Personal opinion: Google Analytics rocks. Can't imagine what other stats
providers are doing now its free. Must have shaken up the market a fair
bit.
 
J

________________________________

From: [EMAIL PROTECTED]
[mailto:[EMAIL PROTECTED] On Behalf Of Kim Plowright
Sent: 08 December 2006 13:58
To: backstage@lists.bbc.co.uk
Subject: RE: [backstage] Site statistics


"FEES AND SERVICES . Subject to Section 15 herein, the Service is
provided without charge to You for up to 5 million pageviews per month
per account, "
http://www.google.com/analytics/tos.html
 
I'll tell you this: our volume is a wee bit more than 5m PI/month. :)
 
We do have a big internal stats package - SageAnalyst - but I don't
think it has any API potential.
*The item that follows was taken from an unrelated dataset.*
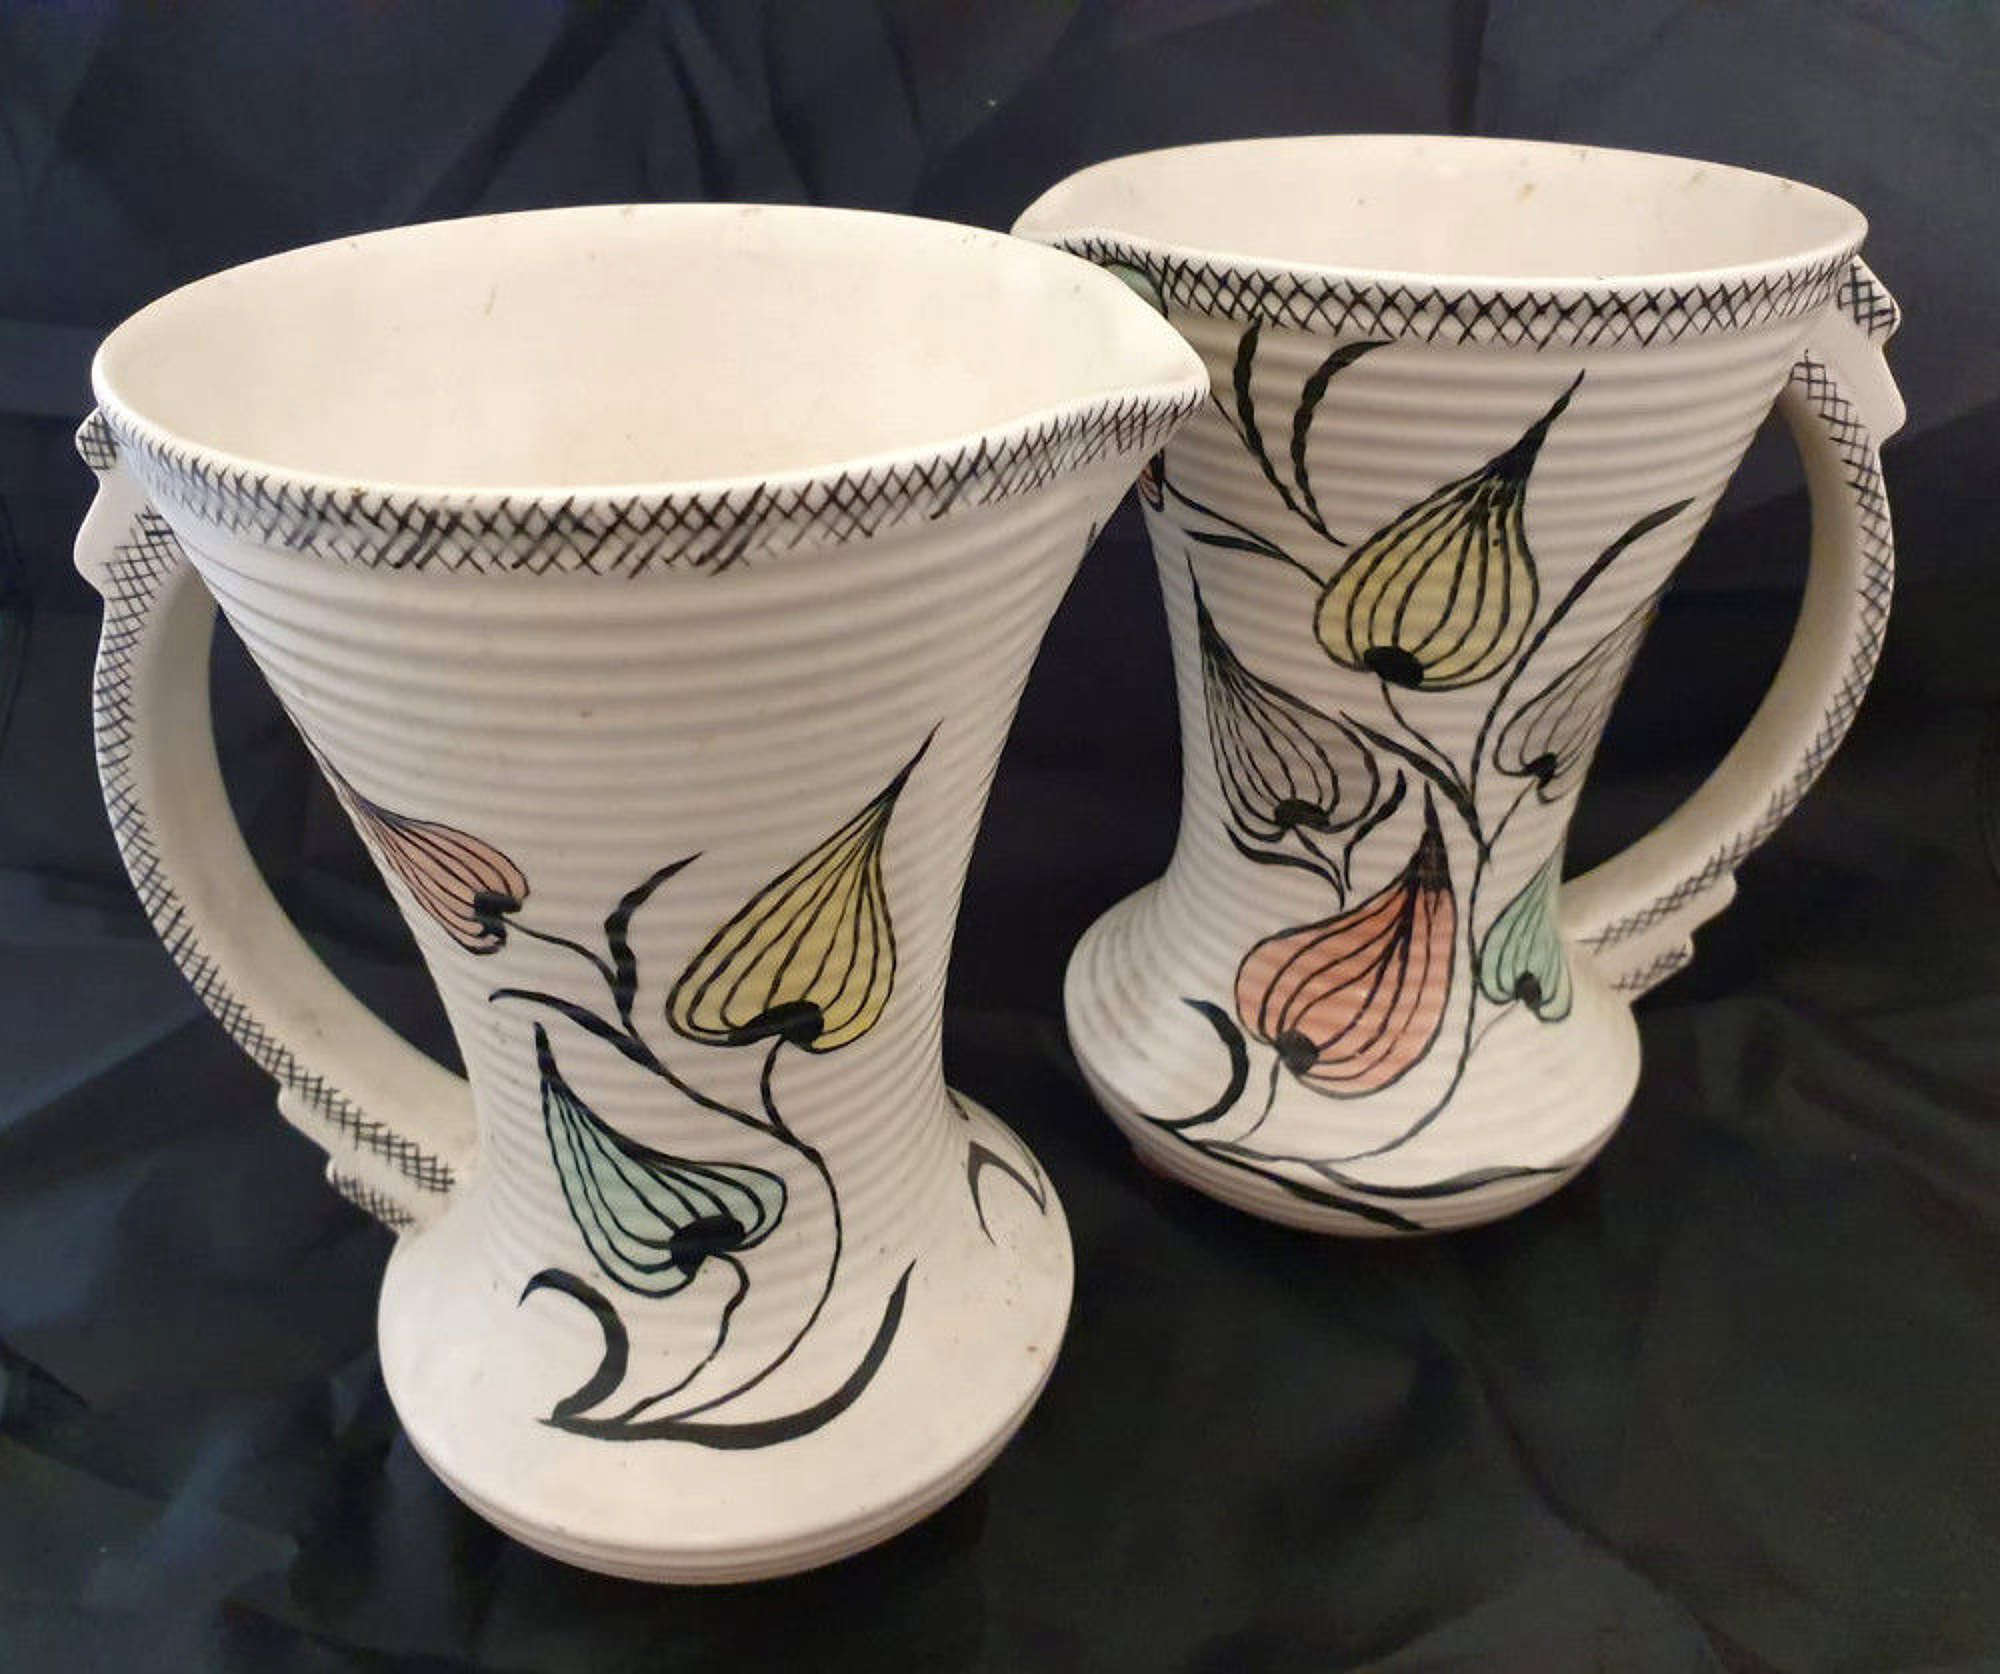 Lovely Pair Of 1950s Vulcan Ware Porcelain Jugs Or Vases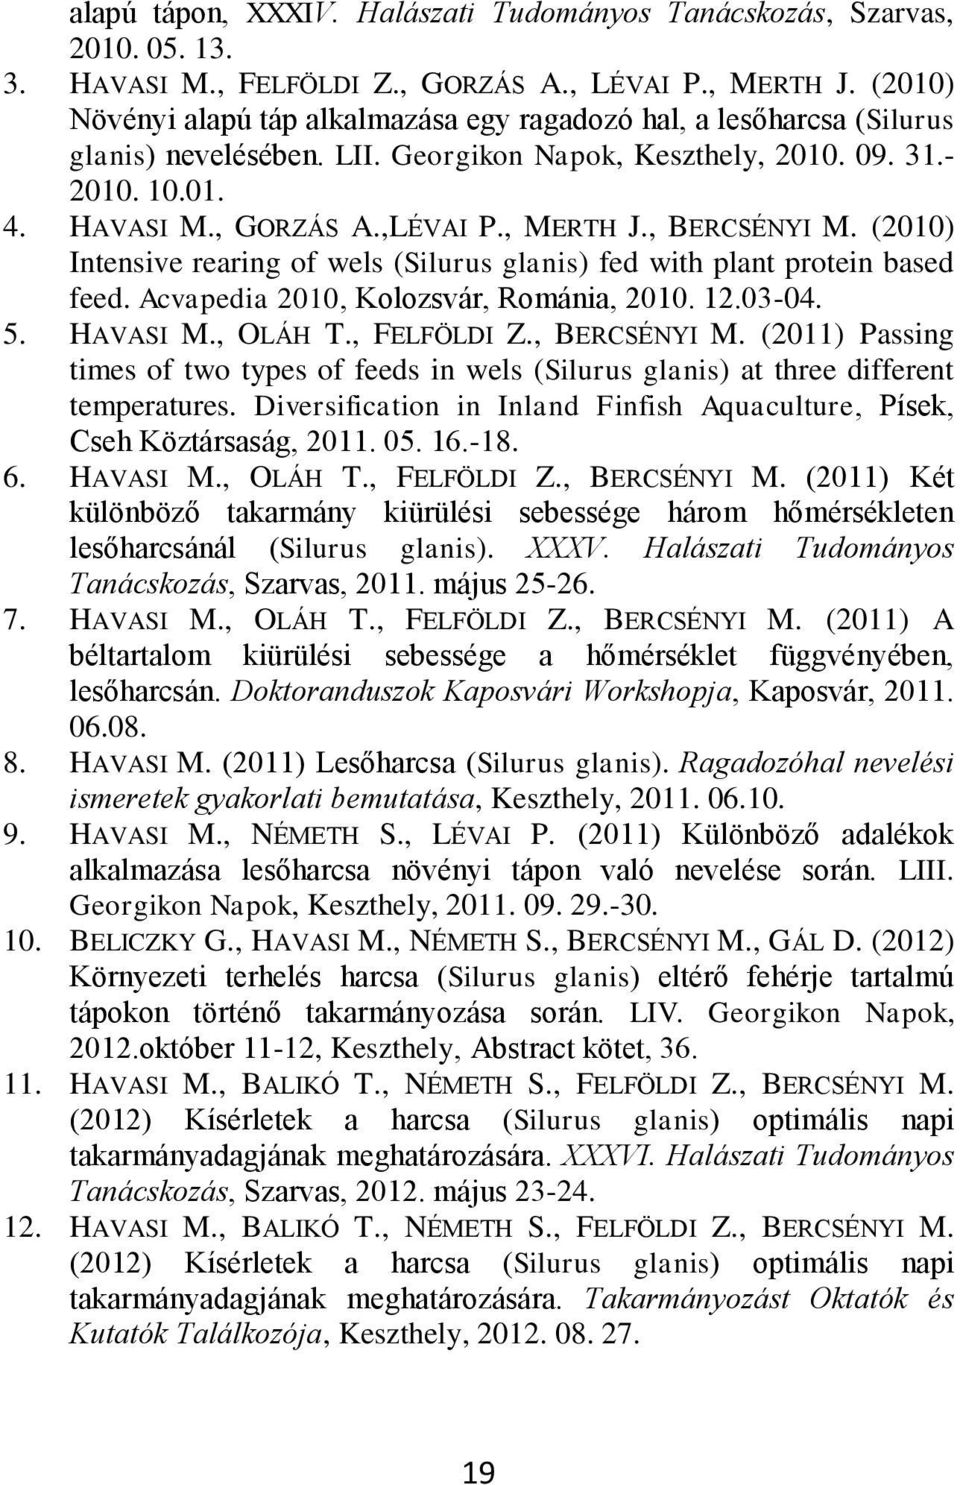 (2010) Intensive rering of wels (Silurus glnis) fed with plnt protein sed feed. Acvpedi 2010, Kolozsvár, Románi, 2010. 12.03-04. 5. HAVASI M., OLÁH T., FELFÖLDI Z., BERCSÉNYI M.

It's a bit of a beast - the server logs
are about 5 gb of data daily, or something....
 
k

________________________________

        From: [EMAIL PROTECTED]
[mailto:[EMAIL PROTECTED] On Behalf Of Richard Hyett
        Sent: 08 December 2006 13:23
        To: backstage@lists.bbc.co.uk
        Subject: Re: [backstage] Site statistics
        
        
        They, the BBC could always use Google Analytics, only takes a
few minutes to set up, its free and the results can be fairly detailed.
:)
        
        I've said it before, but I'll say it again, how the site is
used, in terms of text searches, navigation paths - through the site
-most popular pages/videos, would be as interesting as the content of
the site itself. 
        
        Perhaps this is all available and I just haven't seen it.
        
        Richard
        
        
        
        On 08/12/06, Allan Jardine < [EMAIL PROTECTED]
<mailto:[EMAIL PROTECTED]> > wrote: 

                Hello all,
                
                Does anyone know if the BBC releases statistics such as
browser 
                version/type, screen resolution and so on? It would be
very
                interesting to see what these are, as bbc.co.uk is
probably a fairly
                unbiased source for this type of information, unlike
w3schools.com,
                which is tech skewed. I know that Martin Belam has done
a little work
                on this (
http://www.currybet.net/articles/user_agents/index.php )
                but these results are now a year out of date.